Le salaire minimum fait défaut
Sans compter qu'il n'y a pas, en Allemagne, de salaire minimum défini statutairement. Ce qui, dans le cadre d'un marché du travail fortement encadré par des conventions collectives, ne posait pas jusque récemment de réel problème. Mais avec les réformes engagées depuis une décennie pour augmenter la flexibilité du marché du travail, l'absence d'un salaire minimum est devenu une question centrale : certaines entreprises agroalimentaires danoises par exemple, n'hésitent plus à délocaliser en Allemagne pour bénéficier de salaires défiant toutes concurrence en Europe de l'ouest... Pour tenter de limiter la casse, la revendication pour un salaire minimum est désormais portée par presque tous les syndicats et une partie de la classe politique.

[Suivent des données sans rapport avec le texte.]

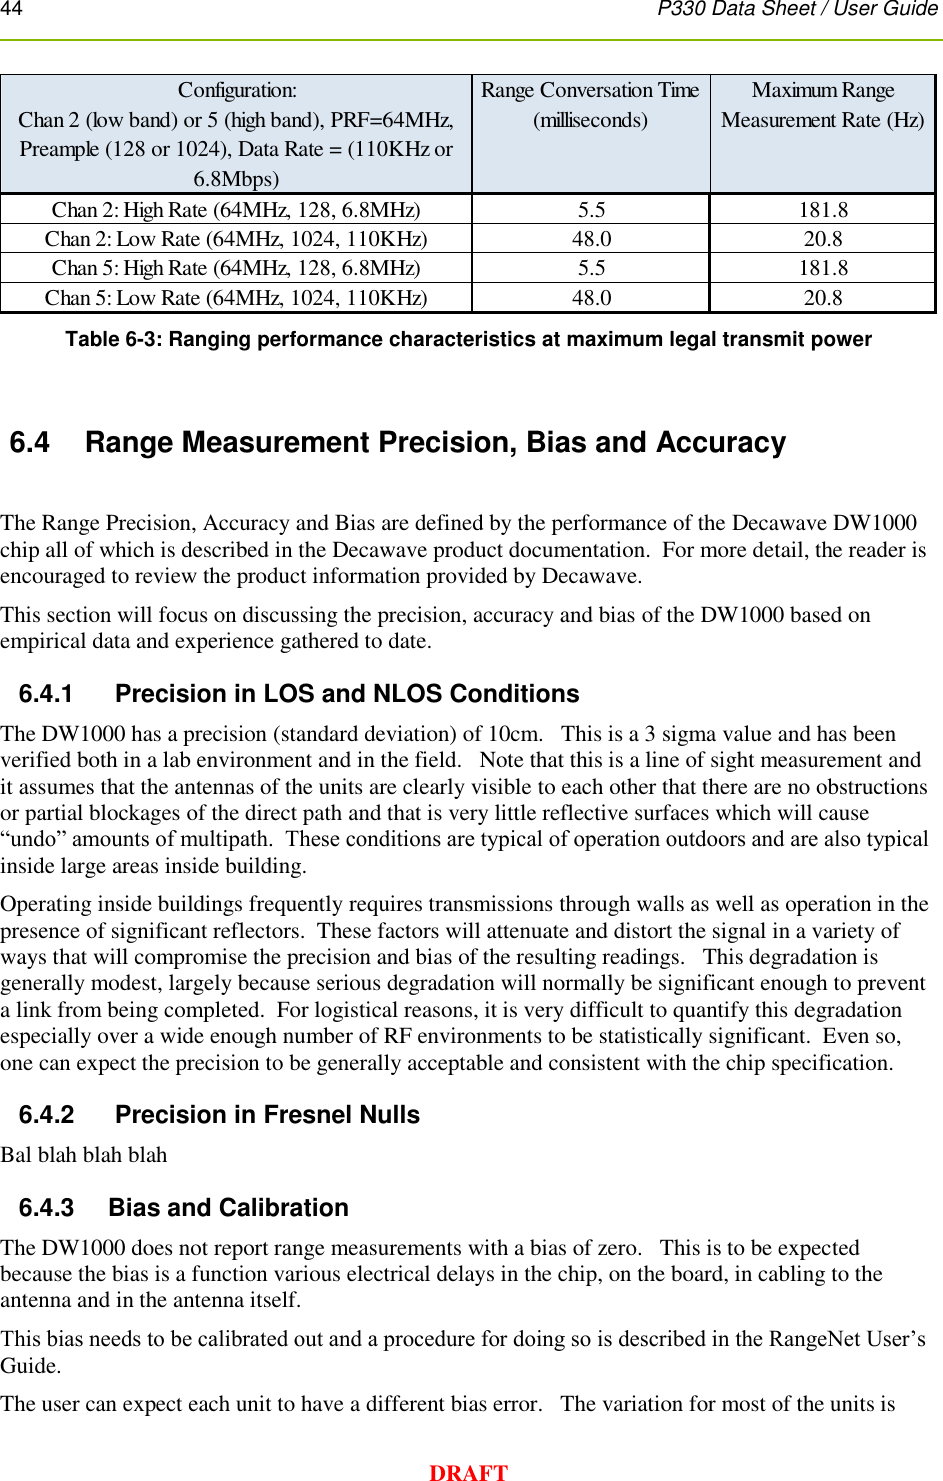 44      P330 Data Sheet / User Guide  DRAFT  Table 6-3: Ranging performance characteristics at maximum legal transmit power  6.4  Range Measurement Precision, Bias and Accuracy  The Range Precision, Accuracy and Bias are defined by the performance of the Decawave DW1000 chip all of which is described in the Decawave product documentation.  For more detail, the reader is encouraged to review the product information provided by Decawave. This section will focus on discussing the precision, accuracy and bias of the DW1000 based on empirical data and experience gathered to date.    6.4.1     Precision in LOS and NLOS Conditions   The DW1000 has a precision (standard deviation) of 10cm.   This is a 3 sigma value and has been verified both in a lab environment and in the field.   Note that this is a line of sight measurement and it assumes that the antennas of the units are clearly visible to each other that there are no obstructions or partial blockages of the direct path and that is very little reflective surfaces which will cause “undo” amounts of multipath.  These conditions are typical of operation outdoors and are also typical inside large areas inside building. Operating inside buildings frequently requires transmissions through walls as well as operation in the presence of significant reflectors.  These factors will attenuate and distort the signal in a variety of ways that will compromise the precision and bias of the resulting readings.   This degradation is generally modest, largely because serious degradation will normally be significant enough to prevent a link from being completed.  For logistical reasons, it is very difficult to quantify this degradation especially over a wide enough number of RF environments to be statistically significant.  Even so, one can expect the precision to be generally acceptable and consistent with the chip specification. 6.4.2     Precision in Fresnel Nulls   Bal blah blah blah 6.4.3    Bias and Calibration The DW1000 does not report range measurements with a bias of zero.   This is to be expected because the bias is a function various electrical delays in the chip, on the board, in cabling to the antenna and in the antenna itself.  This bias needs to be calibrated out and a procedure for doing so is described in the RangeNet User’s Guide. The user can expect each unit to have a different bias error.   The variation for most of the units is Configuration:                                                              Chan 2 (low band) or 5 (high band), PRF=64MHz, Preample (128 or 1024), Data Rate = (110KHz or 6.8Mbps)Range Conversation Time (milliseconds)Maximum Range Measurement Rate (Hz)Chan 2: High Rate (64MHz, 128, 6.8MHz) 5.5 181.8Chan 2: Low Rate (64MHz, 1024, 110KHz) 48.0 20.8Chan 5: High Rate (64MHz, 128, 6.8MHz) 5.5 181.8Chan 5: Low Rate (64MHz, 1024, 110KHz) 48.0 20.8

Le cas des travailleurs étrangers dans les abattoirs allemands, face émergée et scandaleuse de l'iceberg, illustre donc avec acuité les nombreuses zones d'ombres de l'essor économique chez nos voisins allemands. Et pour Claud-Harald Güster, si les les politiques s'empressent de célébrer le modèle porté par Angela Merkel, ce n'est pas le cas des syndicats : « Les emplois à bas revenus sont vraiment fréquents dans notre pays. Les gens ne peuvent plus vivre correctement avec de tels salaires. L'industrie de la viande est juste un exemple parmi d'autres... ». Steffen Lehndorff va lui plus loin dans la critique : « L'économie allemande, si compétitive, exporte en réalité les effets des inégalités sociales qui se creusent chez nous. Le danger qui nous guette, à force de tirer sur les salaires, c'est d'avoir un marché domestique complètement moribond. » La balance commerciale allemande est en effet largement excédentaire, le pays exporte beaucoup plus qu'il n'importe. Une stratégie également remise en cause par un récent rapport de l'Organisation internationale du travail : « Au niveau européen, cela a créé les conditions d'un marasme économique prolongé car les autres pays membres estiment de plus en plus que seules des politiques de déflation salariale encore plus strictes résoudront leur problème de compétitivité, ce qui est d'autant plus décourageant qu'on voit mal dans quelle mesure ces politiques de déflation salariale en Allemagne ont contribué à une hausse de l'emploi, qui était à peine plus élevé en 2006 qu'en 1991. » Dans quelques mois débutera la campagne pour les élections législatives allemandes. Le sujet des salaires sera définitivement un enjeu.